**TASK TO COMPLETE:** A picture-free, exact reproduction of the listing that follows is required.

------ DATA SECTION

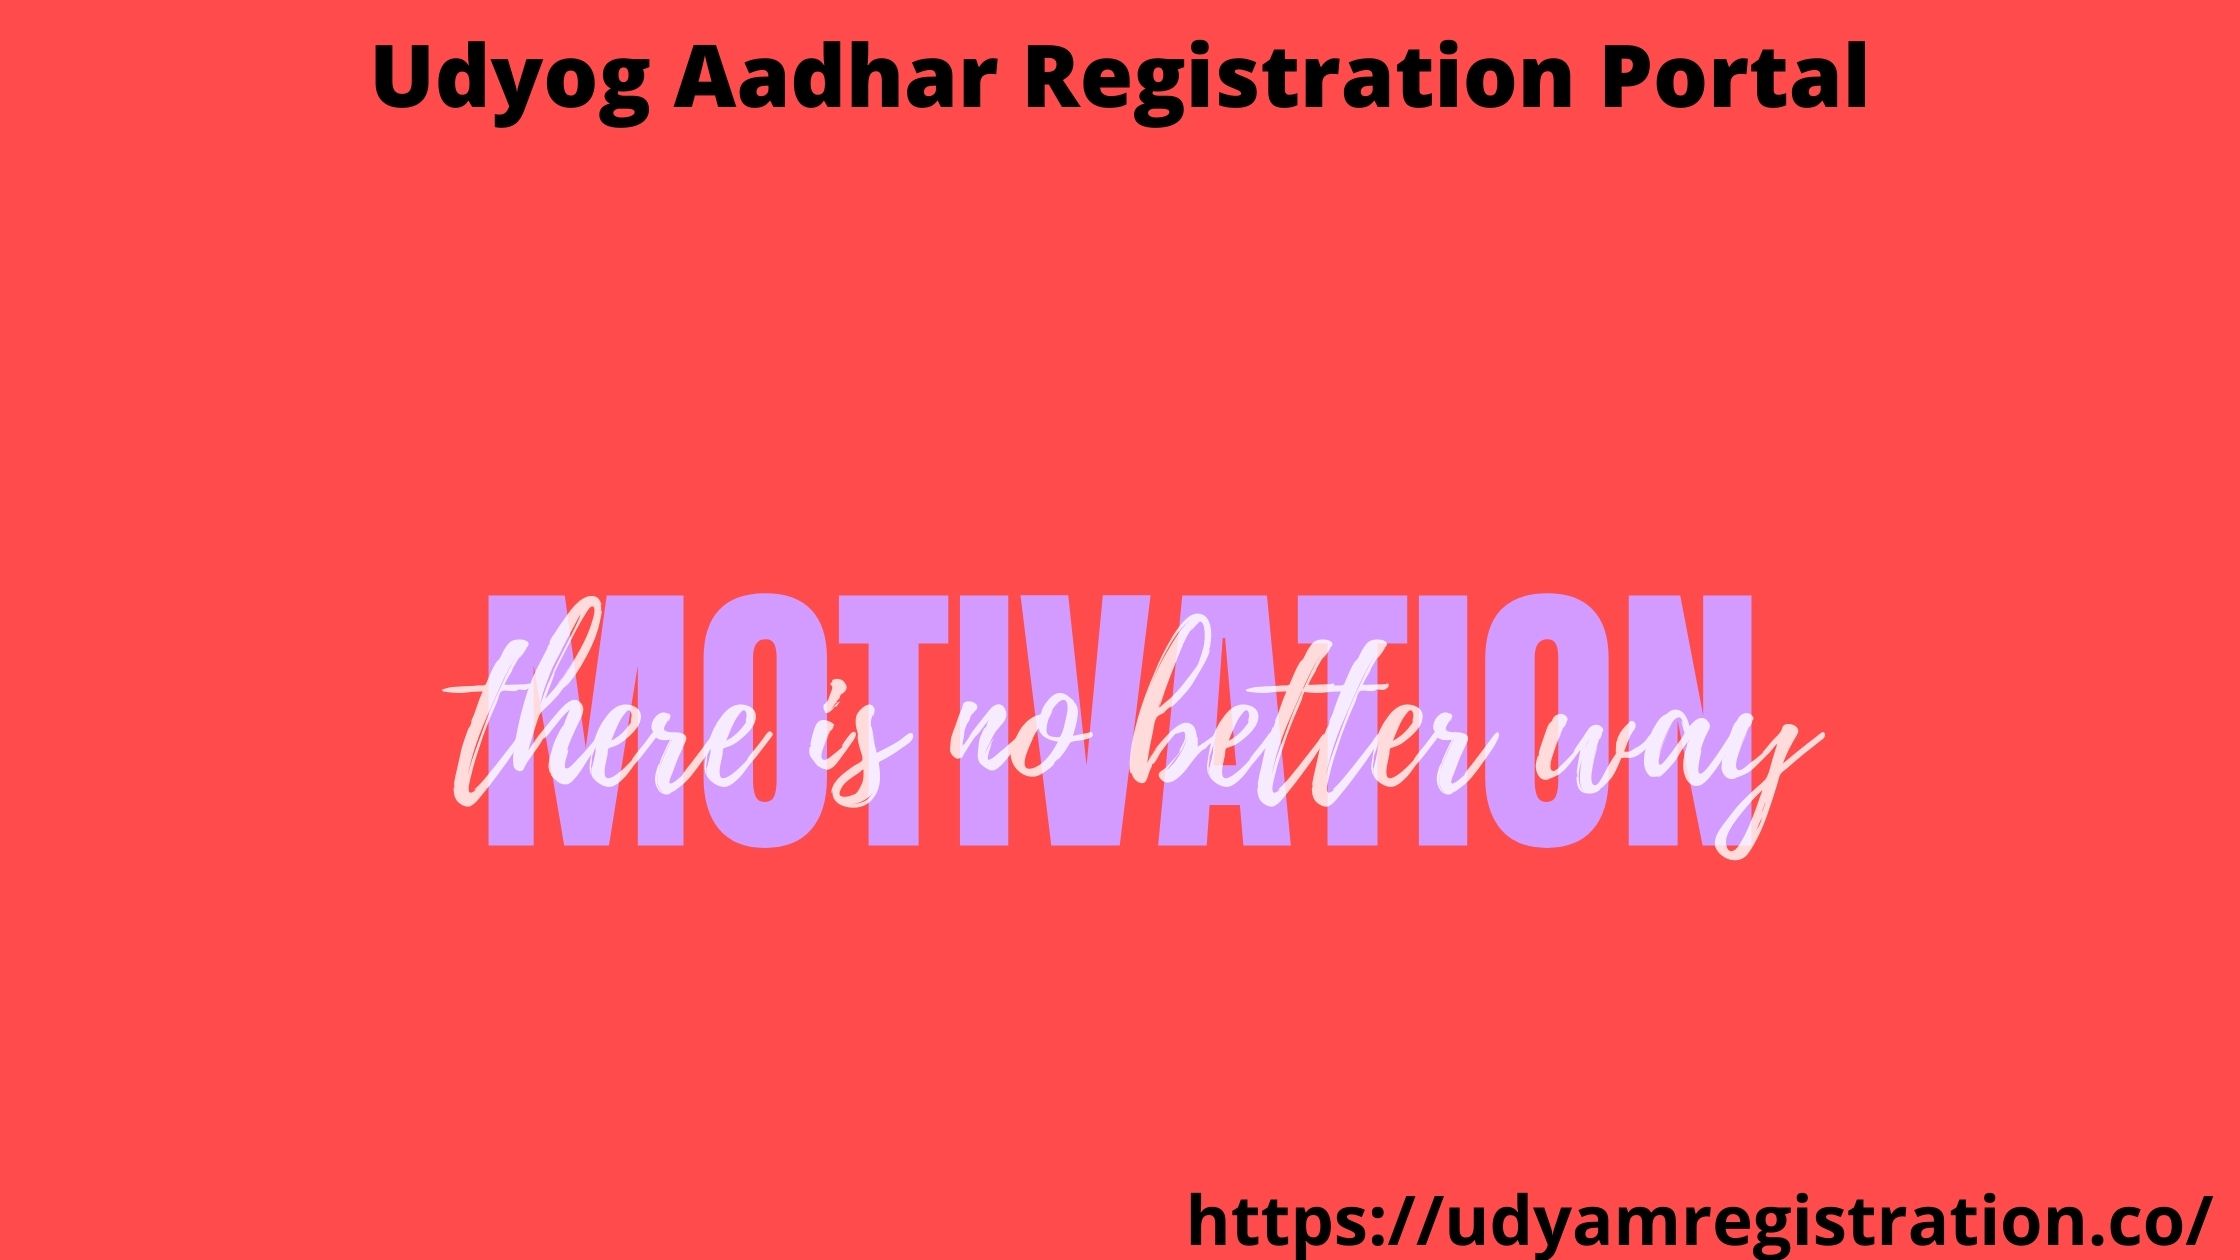 Online Udyog Aadhar Registration portal
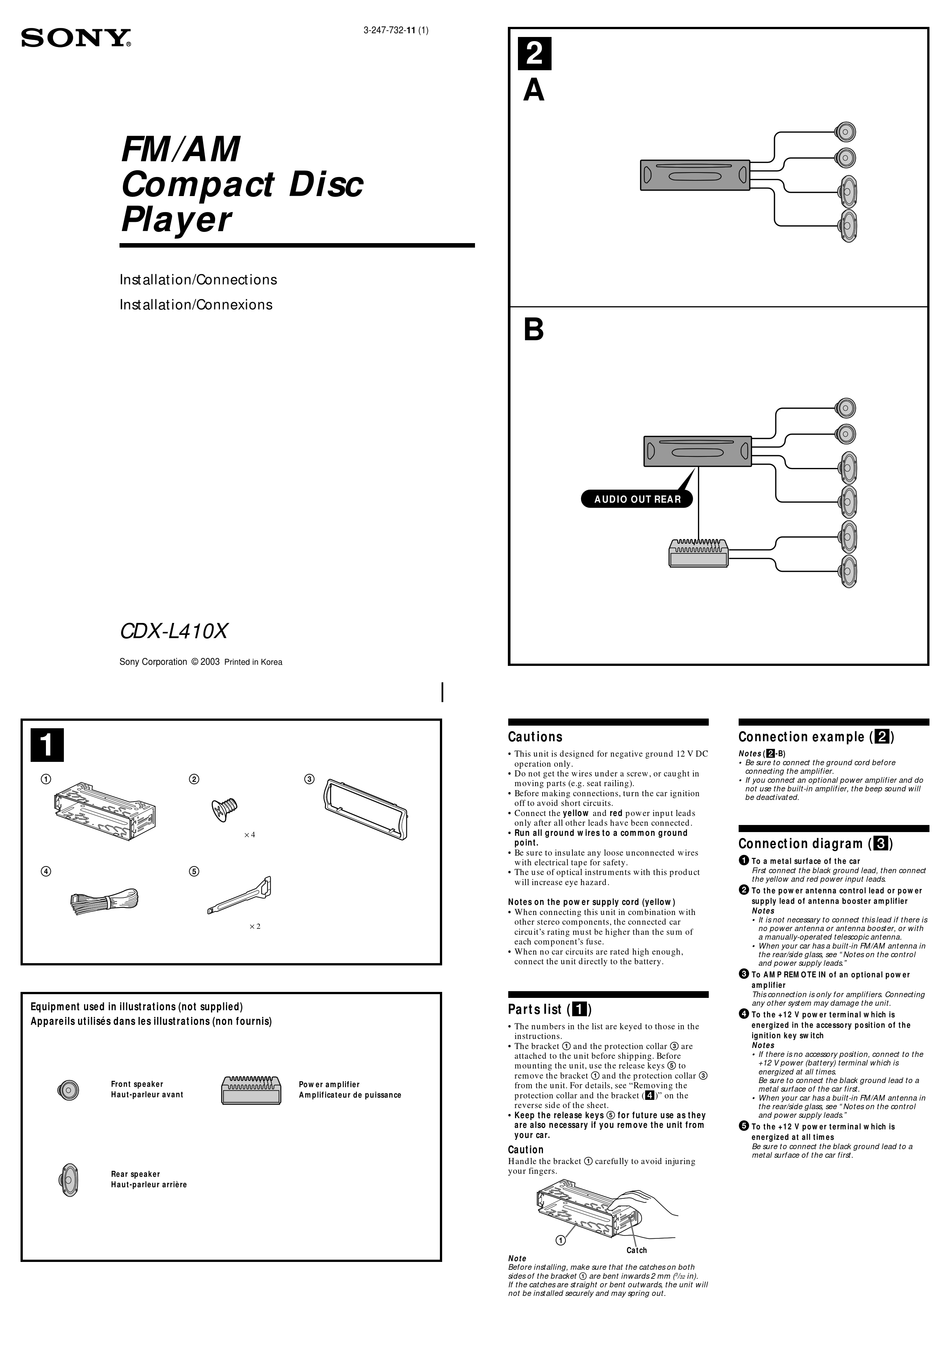 SONY CDX-L410X INSTALLATION/CONNECTIONS Pdf Download | ManualsLib  Sony Cdx L410x Wiring Harness Diagram    ManualsLib
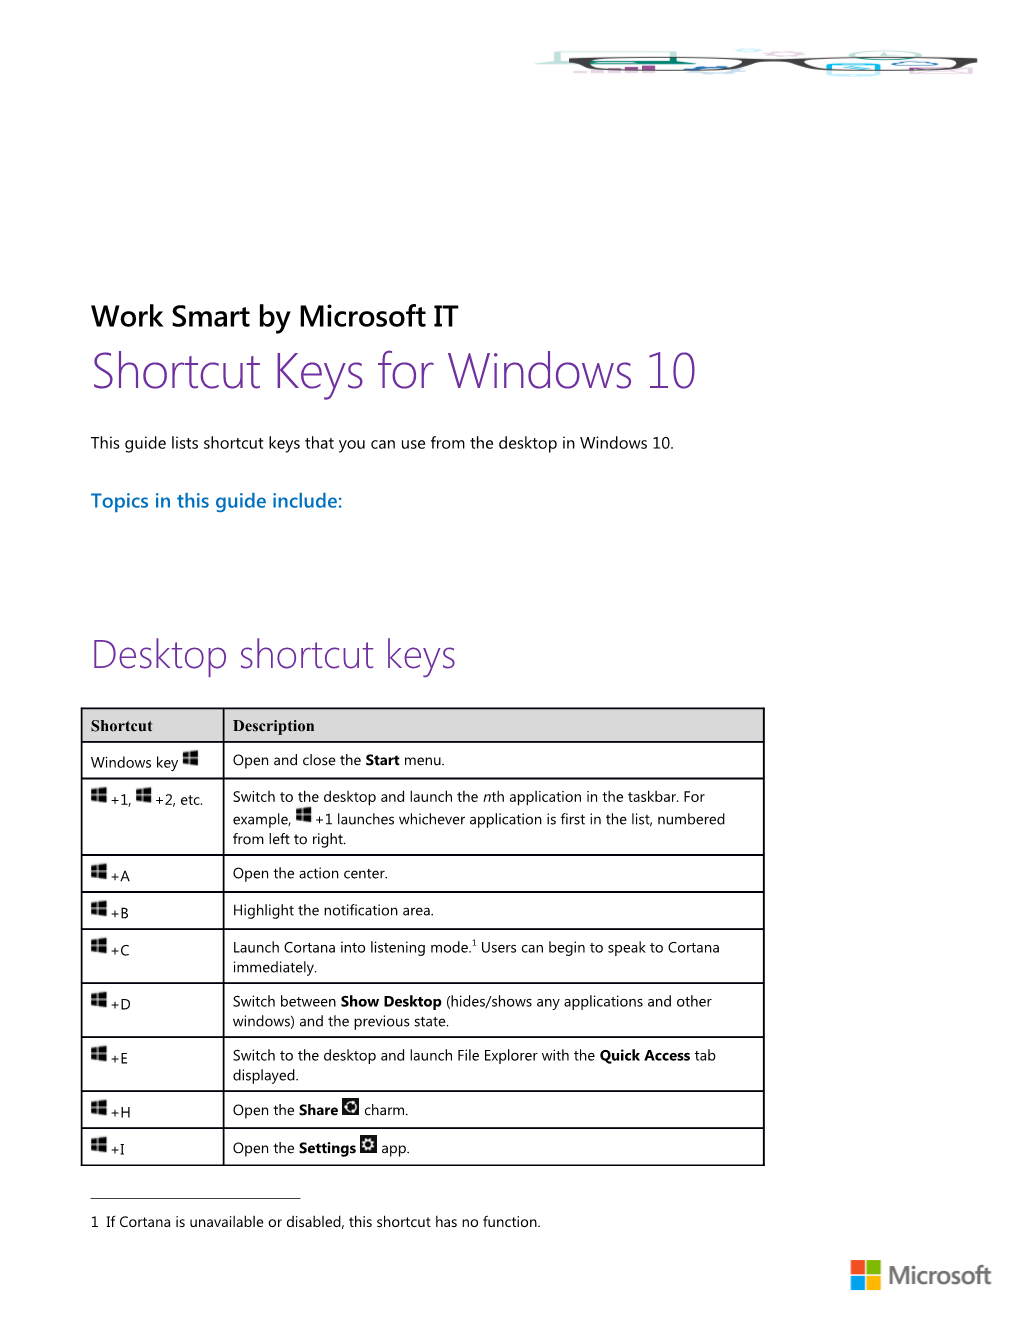 Shortcut Keys for Windows 10

------------

**TASK SOLUTION:**
 Online Udyog Aadhar Registration portal
 SONY CDX-L410X INSTALLATION/CONNECTIONS Pdf Download | ManualsLib  Sony Cdx L410x Wiring Harness Diagram    ManualsLib
 Shortcut Keys for Windows 10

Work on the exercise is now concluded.